At any other time she would have memorized every detail of the old house and asked him a dozen questions about it, but her brain still felt as if it was encased in smoke, and she couldn’t seem to think. Weary to the bone, she dropped her head to Sam’s shoulder and closed her eyes. At that moment he could have taken her to the moon for all the attention she paid to her surroundings. She was just too tired to care.

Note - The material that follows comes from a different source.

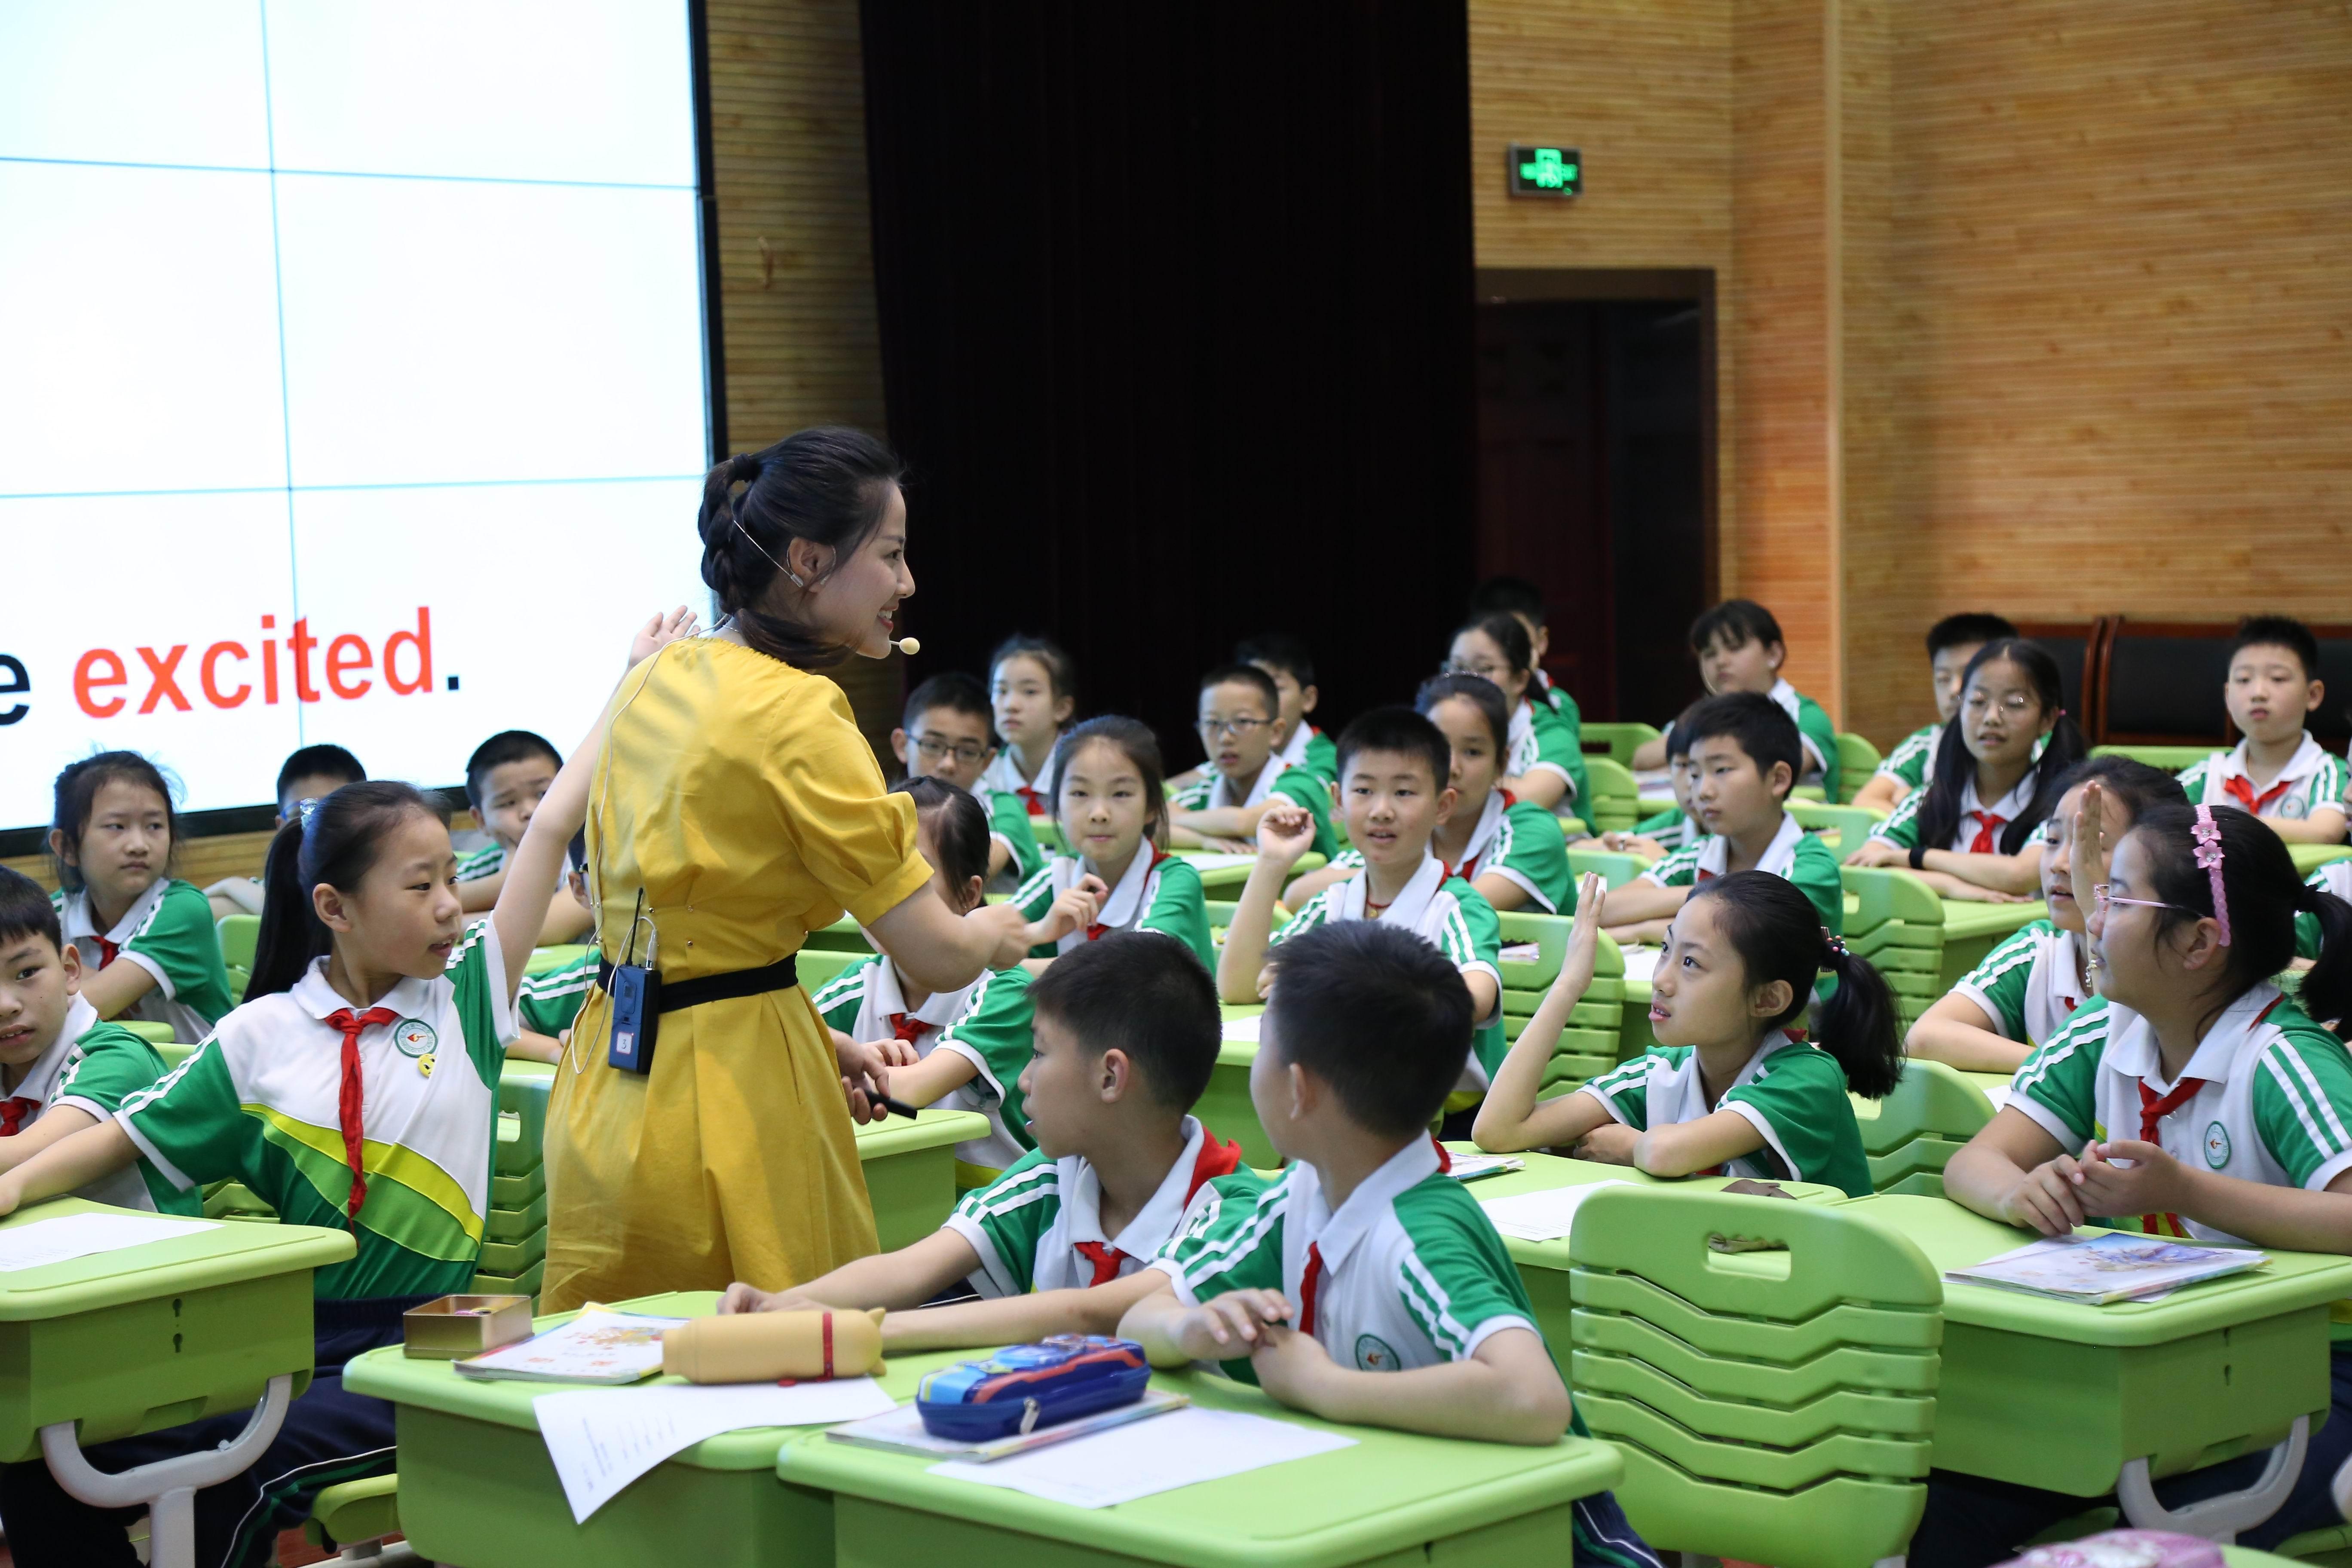 全国小学英语教师基本功大赛授课现场气氛热烈

His hands full of her, Sam felt the soft brush of a breast against his chest, the warmth of her breath against his neck as she sighed, and he clenched his teeth on a silent groan. She was hurt, he reminded himself grimly. And if not in shock, then damn close to it. She had to be or she’d have already remembered the last time they were together, when she had kissed him off. When tonight’s trauma faded and she was herself again, she wouldn’t be nearly so willing to accept his touch. He’d be lucky if she even spoke to him.